KabarIndonesia.id — Microsoft kembali menunjukkan keunggulan teknologi kecerdasan buatannya (AI) dengan meluncurkan Aurora, sebuah model AI terbaru yang dirancang khusus untuk memprediksi fenomena atmosfer seperti kualitas udara, badai, topan, dan cuaca ekstrem lainnya. Dalam publikasi resmi di jurnal Nature dan unggahan blog perusahaan, Microsoft menyatakan bahwa Aurora memiliki keunggulan akurasi dan kecepatan yang melampaui metode meteorologi tradisional.
Aurora dibangun dari pelatihan berbasis data masif, melibatkan lebih dari satu juta jam data, yang mencakup data satelit, radar cuaca, observasi stasiun meteorologi, simulasi atmosfer, serta prakiraan historis. Model ini juga memiliki kemampuan untuk disesuaikan dengan data tambahan tertentu guna meningkatkan akurasi pada kondisi lokal atau kejadian spesifik.
Meskipun AI untuk prediksi cuaca bukan hal baru — seperti WeatherNext dari DeepMind milik Google — Microsoft menempatkan Aurora di garda terdepan sebagai salah satu model AI terbaik di bidang prediksi cuaca. Bahkan, perusahaan menyebut model ini sebagai “potensi besar” untuk digunakan oleh lembaga penelitian cuaca dan badan meteorologi di seluruh dunia.
Salah satu bukti keunggulan Aurora terlihat dari keberhasilannya dalam memprediksi Topan Doksuri yang melanda Filipina. Aurora mampu memberikan prakiraan empat hari sebelum badai terjadi, dan hasilnya lebih akurat daripada prediksi dari sejumlah ahli meteorologi konvensional. Selain itu, Aurora juga menunjukkan performa unggul dibandingkan National Hurricane Center dalam memetakan lintasan siklon tropis selama musim badai tahun 2022–2023.
Model ini bahkan dapat memprediksi kejadian langka seperti badai pasir besar di Irak pada tahun 2022 — suatu capaian yang memperlihatkan kemampuan Aurora dalam menganalisis berbagai jenis fenomena atmosfer secara luas dan mendalam.

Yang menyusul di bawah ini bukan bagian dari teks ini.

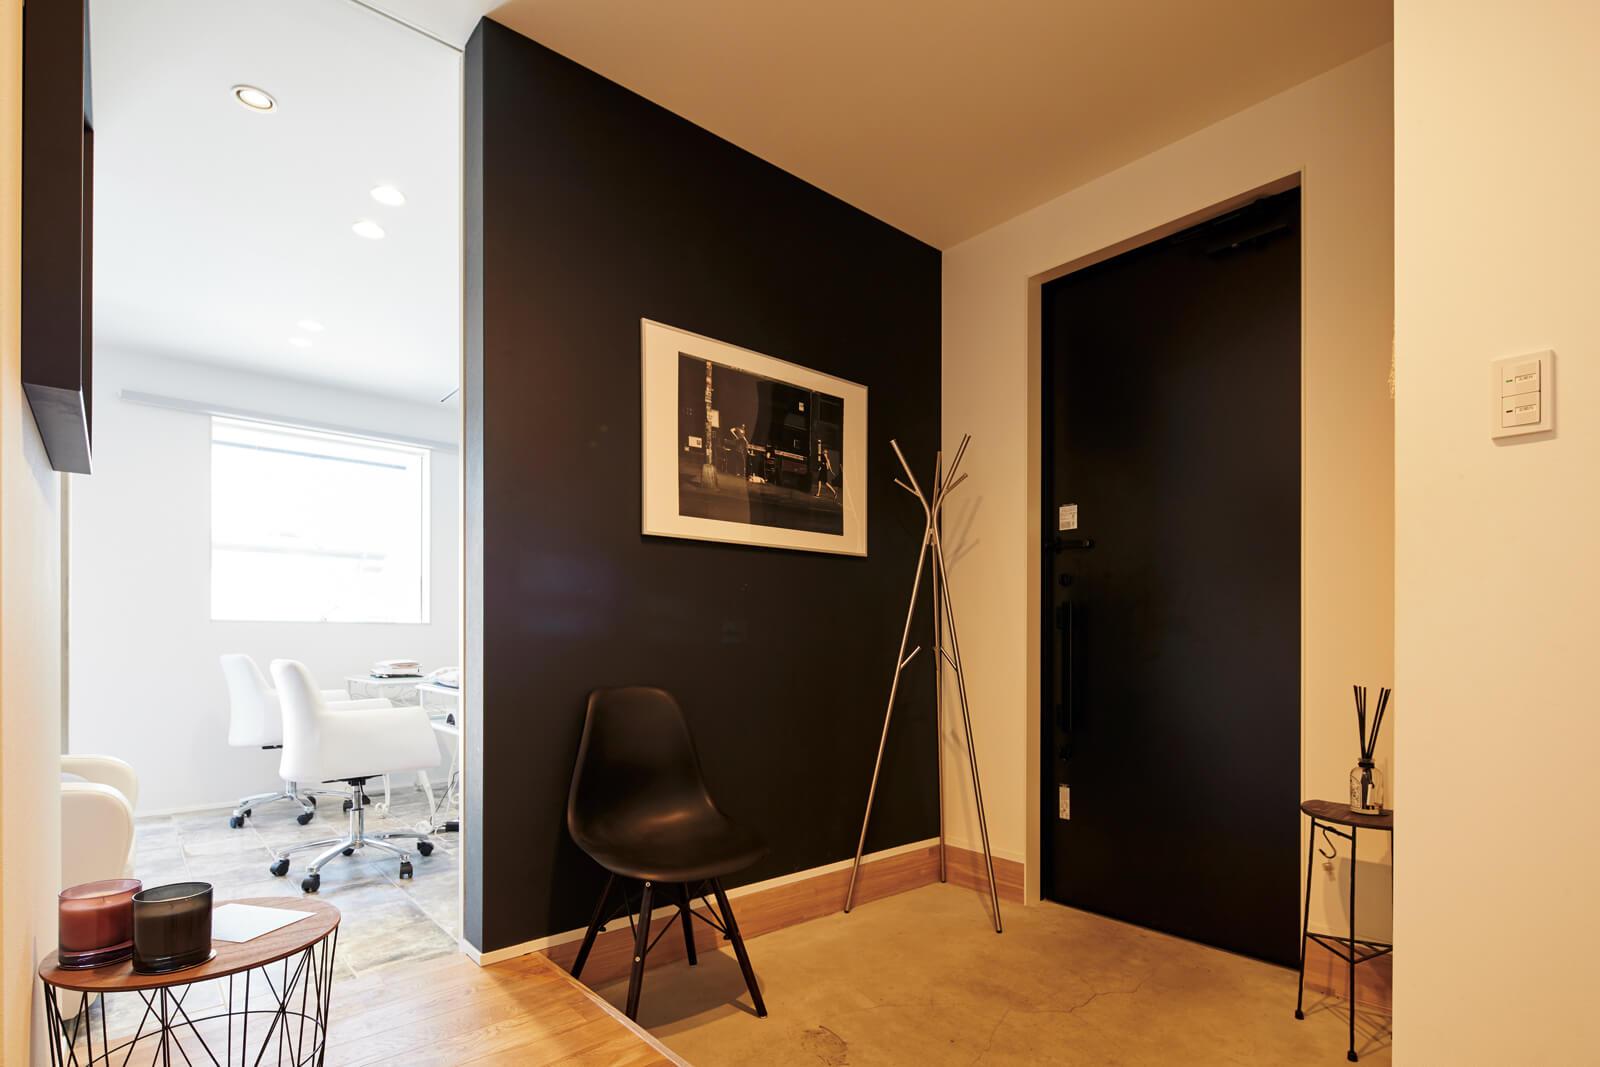 玄関右側の大きな引き戸を開けるとネイルサロンが。住まい側の床面を10cm程度高くして空間を仕切るつくりに

Salah satu keunggulan teknis dari Aurora adalah efisiensinya dalam operasionalisasi. Walaupun pelatihannya memerlukan infrastruktur komputasi berskala besar, saat digunakan, Aurora mampu menghasilkan prakiraan cuaca hanya dalam hitungan detik. Ini jauh lebih cepat dibandingkan metode tradisional yang mengandalkan superkomputer dan memerlukan waktu berjam-jam.
Sebagai bentuk keterbukaan dan kolaborasi ilmiah, Microsoft telah merilis kode sumber dan bobot model Aurora, memungkinkan komunitas riset dan pengembang untuk memanfaatkan teknologi ini secara lebih luas. Lebih lanjut, Microsoft juga mulai mengintegrasikan Aurora ke dalam aplikasi MSN Weather, termasuk menyediakan fitur prakiraan cuaca per jam dengan detail seperti kondisi awan.
Dengan peluncuran Aurora, Microsoft tidak hanya menunjukkan kemajuan pesat dalam pengembangan model AI, tetapi juga memberikan solusi nyata terhadap tantangan perubahan iklim dan prediksi bencana alam. Dalam jangka panjang, teknologi seperti Aurora berpotensi menyelamatkan banyak nyawa dan membantu pemerintah serta lembaga kebencanaan dalam merespons lebih cepat dan tepat terhadap ancaman cuaca ekstrem.